– Известно ли вашему превосходительству (так и нарекать его – пусть корчится!), что декретом съезда Советов создано рабоче-крестьянское правительство во главе с Ульяновым-Лениным? Русское посольство должно представлять именно это правительство, и никакое иное. Когда ваше превосходительство намеревается сдать дела и ценности? – Чичерин отодвигает бумагу, заполненную скорописью. – Кстати, вы были когда-нибудь в нашем лондонском посольстве? – спрашивает он Петра.
– Был в мае у Набокова.
– Каналья! – восклицает Чичерин. – Небось говорил о роковых ошибках дома Романовых и клялся в верности демократии?
– Клялся.
– Вам надо пойти туда завтра. Кстати, что он говорил в тот раз, когда вы были у него?
Честное слово. Петр не думал, что к этому разговору придется когда-либо вернуться.
– Все вспоминал встречу с английским коллегой в Петрограде, сэром Джорджем Бьюкененом. По словам Набокова, сэр Джордж убежден: все беды – в Ленине, не надо было его пускать в Россию.
– Вы слышали, – обратился Чичерин к Литвинову, которого эти несколько слов Белодеда подняли со стула. – Вы слышали: «Не надо было пускать Ленина в Россию!» Попробуй прикажи грозе встать во фронт перед полосатым столбом!
Стихли голоса. Было слышно лишь, как гремит крыша да где-то далеко-далеко тоскливо и шало ревет паровоз.
– Они по-своему верно решили проблему роли личности в истории… – Литвинов посмотрел на окно, которое стало белым от снега.
Чичерин шагнул к стене, там над железной кроватью висела карта Европы. Его пальцы с длинными ногтями пришли в движение – он вынул кнопки и, свернув карту, отнес в угол и дважды энергично тряхнул – запахло пылью.
Карта легла на стол. Это была обычная ученическая карта, по которой английские школьники изучают географию Европы. Круги и линии расчертили карту. Синее кольцо вокруг Львова. Красное – вокруг Сольдау. Ломаная прямая прошла через Ковель – Ровно – Проскуров. Более поздняя линия фронта не прочерчена – Чичерин был уже в тюрьме.
. Чичерин провел ладонью по карте.
– Древние говорили: не бойся жертвовать. Да, как в шахматах, отдать королеву и взять верх.
«Два человека склонились над картой, – думает Белодед. – Настолько разных, что кажется неправдоподобным, что они идут одной дорогой. Но, наверно, и в этом сила идеи, которой они посвятили себя, – она способна сплотить разных людей.

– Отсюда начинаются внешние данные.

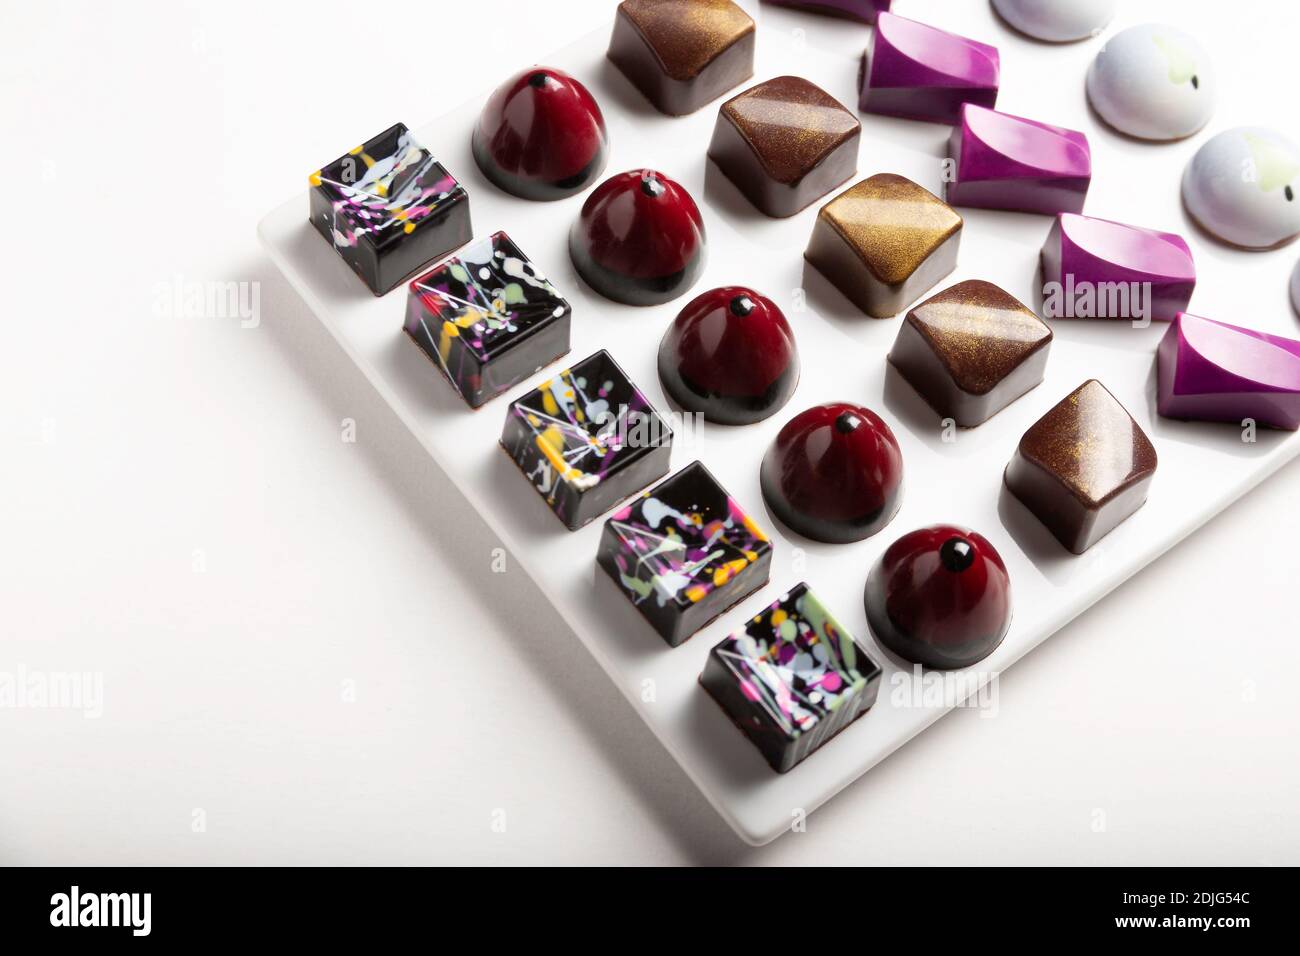 variedad de lujosos bonbones de chocolate hechos a mano con ganache sobre fondo blanco. Exclusivo bonbon artesanal Foto de stock

Литвинов – дитя современного города. Он рационален и организован. Все, что он делает, тщательно рассчитано и устремлено в одну точку. Сильной и умной рукой он мог бы перекраивать карту, заставив землю в три пота работать на человека, командовать армиями геологов, металлургов, землепроходцев, взрывать горы, строить города.
Чичерин – философ, творец мысли. Его стихия – замысел, нередко стратегический, когда мысль охватывает пространство видимое и невидимое, когда она уходит за горизонт и обнаруживает, что ты увидишь завтра. Философ и… поэт, музыкант, знаток и интерпретатор Моцарта. Все это в лице Георгия Васильевича, в желтовато-бледном отсвете кожи, во взгляде больших темных глаз, в неярком блеске волос, тронутых первой сединой… Петр видит его на трибуне всемирного форума отстаивающим интересы нового русского государства – его интеллект, его умение мыслить и обобщать, наконец, его способность говорить на иностранных языках с той же свободой и изяществом, с каким говорит на русском, – что можно еще пожелать человеку?.. Но вот вопрос, как все это сообразуется у Чичерина с умением выдюжить будни?.. Наверно, немалое искусство поразить мир проектом антивоенного пакта, а затем отстоять его перед высоким форумом, но еще большее искусство уметь держать фронт, изо дня в день отбивая атаки врагов и атакуя…»
18
Когда Петр вернулся в гостиницу, портье вручил вместе с ключом записку, сложенную, как складывают обертку для порошков. «Буду в отеле ровно в девять – выйди навстречу. Кира». «Значит, решила: едет!.. Ну конечно же, едет. Иначе она и не могла поступить». Он взглянул на часы: без четверти. Вышел на улицу. Распогоживалось. Где-то справа, над Дувром, а может, дальше, над Ла-Маншем. Дьеппом, долинами Луары ветер высвободил кусочек звездного неба, но звезды были тусклые, будто светились на ущербе. Он вновь взглянул на часы: «Сейчас подойдет, сию минуту». Проехал автомобиль, один, второй. Потом где-то в стороне, из боковой улицы, донесся размеренный топот конских копыт – автомобиль еще не получил всеобщего признания, по крайней мере у лондонских аристократов. Цок… цок… цок… – высекал конь, а Петру мерещилось, конь отсчитывает секунды. «Одна… две… три…» Петр подошел к краю тротуара. «Не идет… Опаздывает. А прежде являлась точно».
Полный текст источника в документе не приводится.